If there are n rectangles, each with the size 1×2, 2×3, 3×4, 4×5 ... n(n+1), what would be the smallest rectangle in which we could fit all n of these rectangles without any of them being overlapped?
For instance, if n=2, the answer will be 2x4 - simply stick the 1x2 rectangle and 2x3 rectangle together. if n=3, the answer will be 4x5, sticking the previous 2x4 rectangle with the 3x4 rectangle. if n=4, the answer would be either 4x10 or 5x8, depending on which way we decide to stick the rectangles. if n=5, the answer would be 5x16, sticking the 5x6 and 5x8 rectangle together.

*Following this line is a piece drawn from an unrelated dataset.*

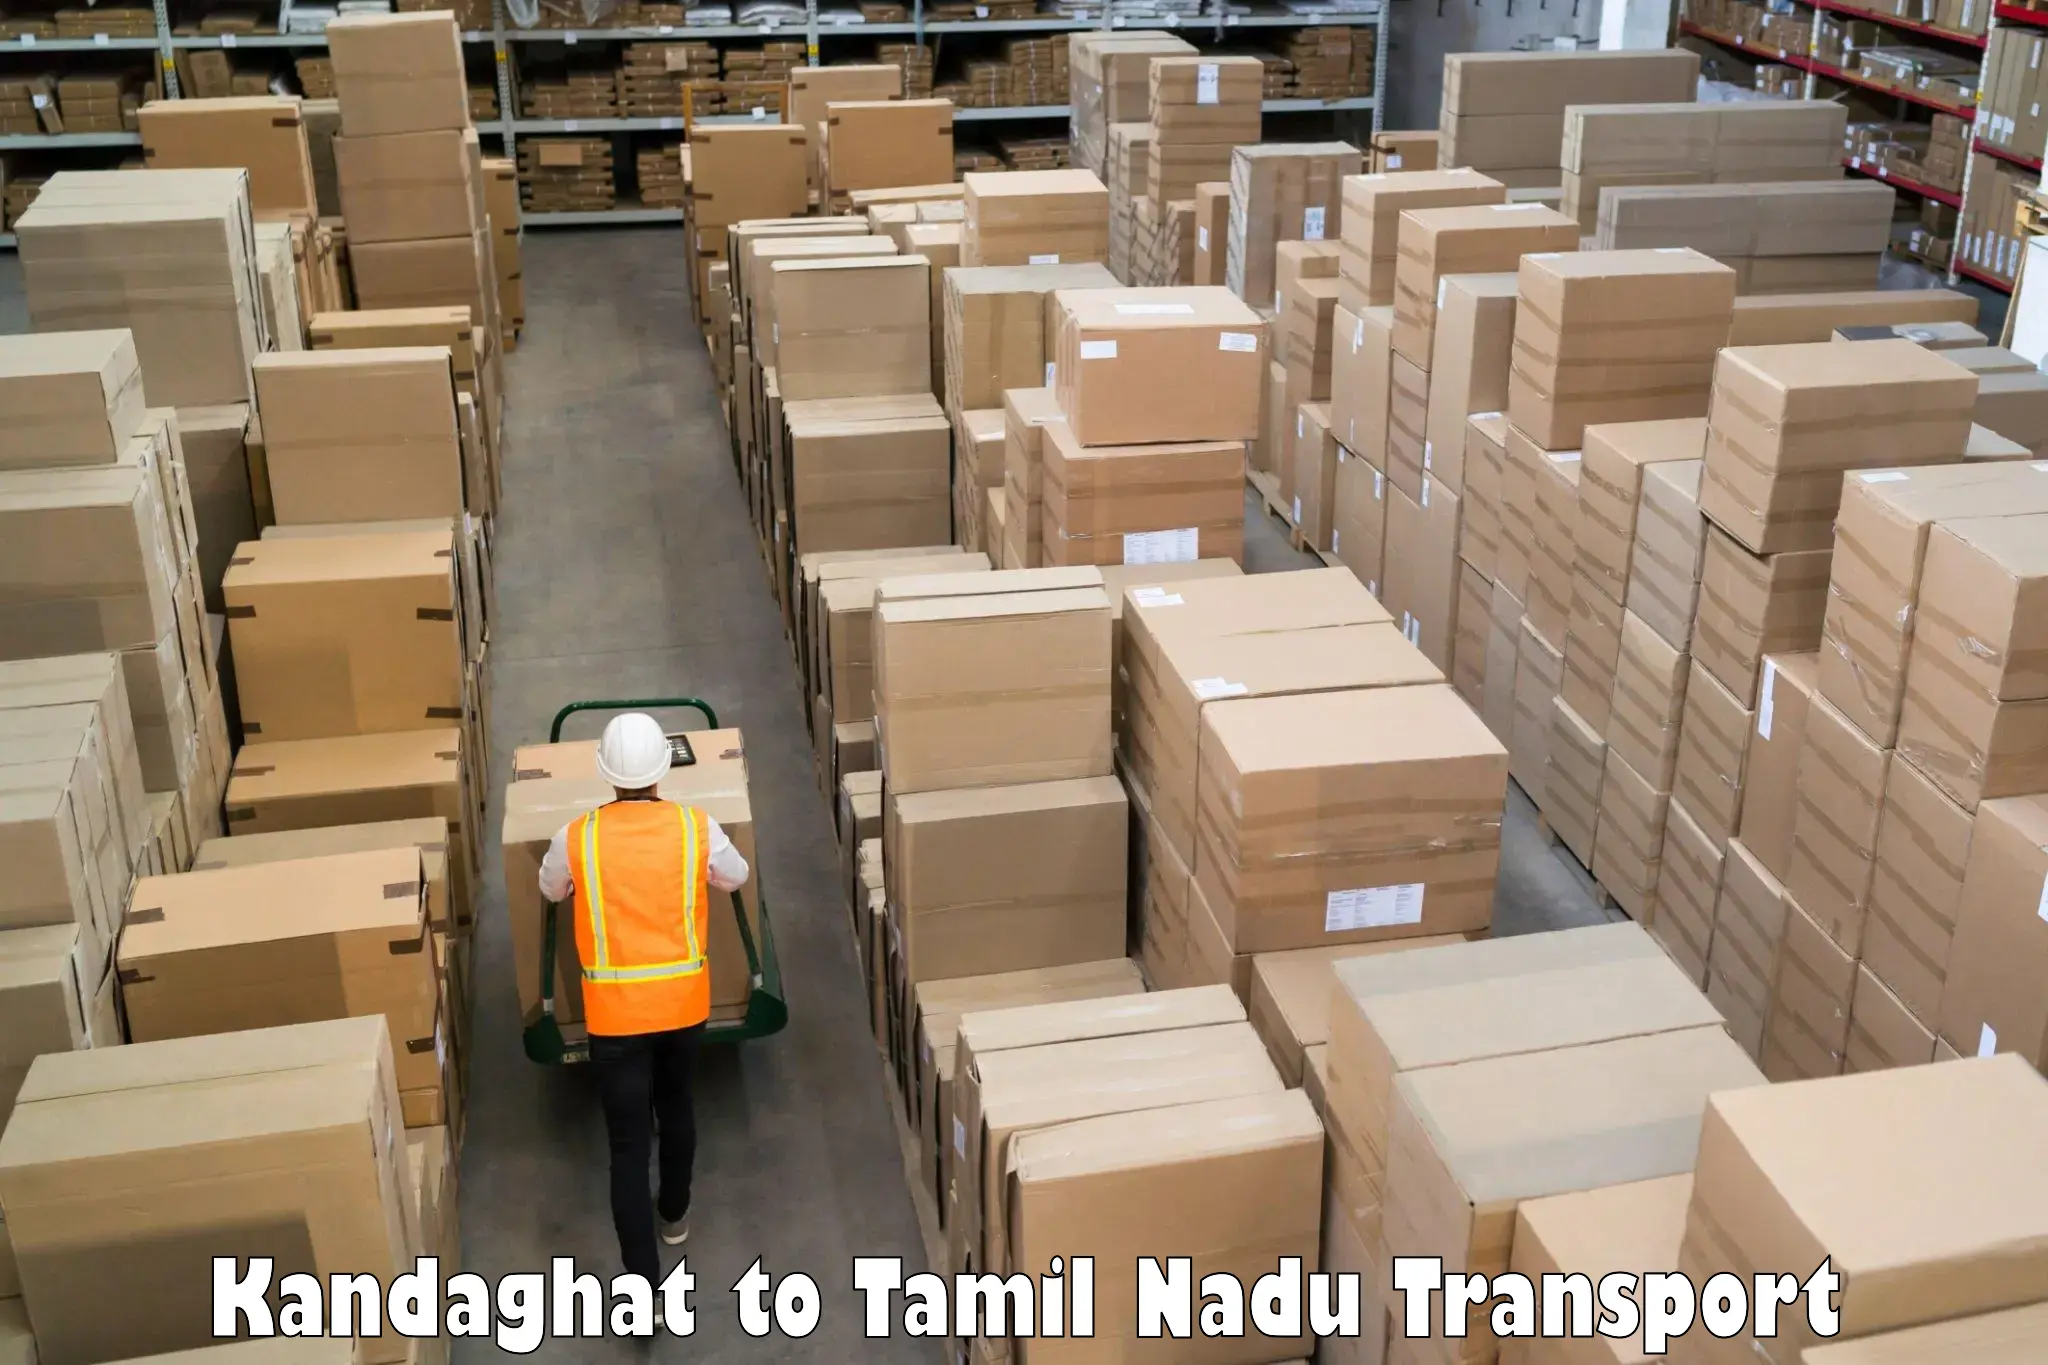 International cargo transportation services Kandaghat to Udumalpet

However, starting from n=6, there's no way(in my knowledge) to orientate these n(n+1) rectangles in a certain rectangle without leaving some blank space - and the smallest rectangle to do so is 6x19, with the 6 rectangles filling in the 6x19 rectangle with only 2 blank spaces.
Here, I was intrigued to find out if there would be a way to generalize this - to find the smallest rectangle that could fit n rectangles - 1×2, 2×3, 3×4, 4×5 ... n(n+1) - whichever n is given. How would I be able to do this?
(Just as a side note, the original maker of this problem listed it in "factorization." Maybe that could be used in a smart way to solve this, but I don't see how yet)